## Task to carry out
In the material below, identify each line bearing the word "Small". Reproduce those lines.

Records supplied Block Start

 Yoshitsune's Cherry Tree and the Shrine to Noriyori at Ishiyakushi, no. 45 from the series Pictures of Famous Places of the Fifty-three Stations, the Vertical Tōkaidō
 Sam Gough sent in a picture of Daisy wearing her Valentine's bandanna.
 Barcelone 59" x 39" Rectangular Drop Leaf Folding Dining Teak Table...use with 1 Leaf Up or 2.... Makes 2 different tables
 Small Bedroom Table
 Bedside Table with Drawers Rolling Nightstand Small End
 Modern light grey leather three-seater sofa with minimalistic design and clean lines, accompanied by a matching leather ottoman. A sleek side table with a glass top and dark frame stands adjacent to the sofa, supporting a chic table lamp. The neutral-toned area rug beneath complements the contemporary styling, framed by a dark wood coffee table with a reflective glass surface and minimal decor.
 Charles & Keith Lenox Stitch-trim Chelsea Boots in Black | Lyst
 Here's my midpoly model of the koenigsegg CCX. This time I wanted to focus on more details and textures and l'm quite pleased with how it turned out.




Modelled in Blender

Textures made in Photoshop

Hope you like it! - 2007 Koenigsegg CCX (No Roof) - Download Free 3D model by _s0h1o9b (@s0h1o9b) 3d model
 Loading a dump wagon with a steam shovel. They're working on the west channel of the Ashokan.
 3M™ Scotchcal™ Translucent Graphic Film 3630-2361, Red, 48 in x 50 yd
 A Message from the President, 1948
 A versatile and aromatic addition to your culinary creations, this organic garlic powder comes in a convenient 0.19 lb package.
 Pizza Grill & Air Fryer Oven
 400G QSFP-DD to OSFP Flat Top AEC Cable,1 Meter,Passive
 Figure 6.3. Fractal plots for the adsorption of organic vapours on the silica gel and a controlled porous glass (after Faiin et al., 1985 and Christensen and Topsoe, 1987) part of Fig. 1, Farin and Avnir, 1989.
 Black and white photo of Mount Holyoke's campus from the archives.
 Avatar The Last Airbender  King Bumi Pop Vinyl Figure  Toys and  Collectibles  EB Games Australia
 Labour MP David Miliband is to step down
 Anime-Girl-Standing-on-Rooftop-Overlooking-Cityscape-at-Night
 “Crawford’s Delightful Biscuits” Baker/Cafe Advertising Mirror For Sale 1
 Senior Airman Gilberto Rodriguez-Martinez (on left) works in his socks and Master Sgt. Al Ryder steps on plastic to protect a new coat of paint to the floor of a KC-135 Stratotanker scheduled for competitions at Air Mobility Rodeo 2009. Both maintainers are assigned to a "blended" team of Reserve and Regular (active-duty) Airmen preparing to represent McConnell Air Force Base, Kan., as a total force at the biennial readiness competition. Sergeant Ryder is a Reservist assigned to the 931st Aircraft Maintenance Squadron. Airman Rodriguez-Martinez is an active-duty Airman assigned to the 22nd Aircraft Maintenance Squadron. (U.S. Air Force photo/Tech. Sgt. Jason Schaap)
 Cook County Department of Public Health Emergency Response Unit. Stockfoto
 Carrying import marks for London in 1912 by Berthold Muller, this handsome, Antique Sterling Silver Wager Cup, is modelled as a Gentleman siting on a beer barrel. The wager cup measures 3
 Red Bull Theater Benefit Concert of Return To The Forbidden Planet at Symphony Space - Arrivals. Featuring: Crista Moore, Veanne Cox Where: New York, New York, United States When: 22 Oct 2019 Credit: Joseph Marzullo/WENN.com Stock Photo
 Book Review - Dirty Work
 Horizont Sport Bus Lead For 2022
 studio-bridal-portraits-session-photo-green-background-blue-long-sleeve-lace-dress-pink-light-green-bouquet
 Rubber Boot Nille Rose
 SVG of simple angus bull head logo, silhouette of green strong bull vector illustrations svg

Records supplied Block End

## Answer box
 Small Bedroom Table
 Bedside Table with Drawers Rolling Nightstand Small End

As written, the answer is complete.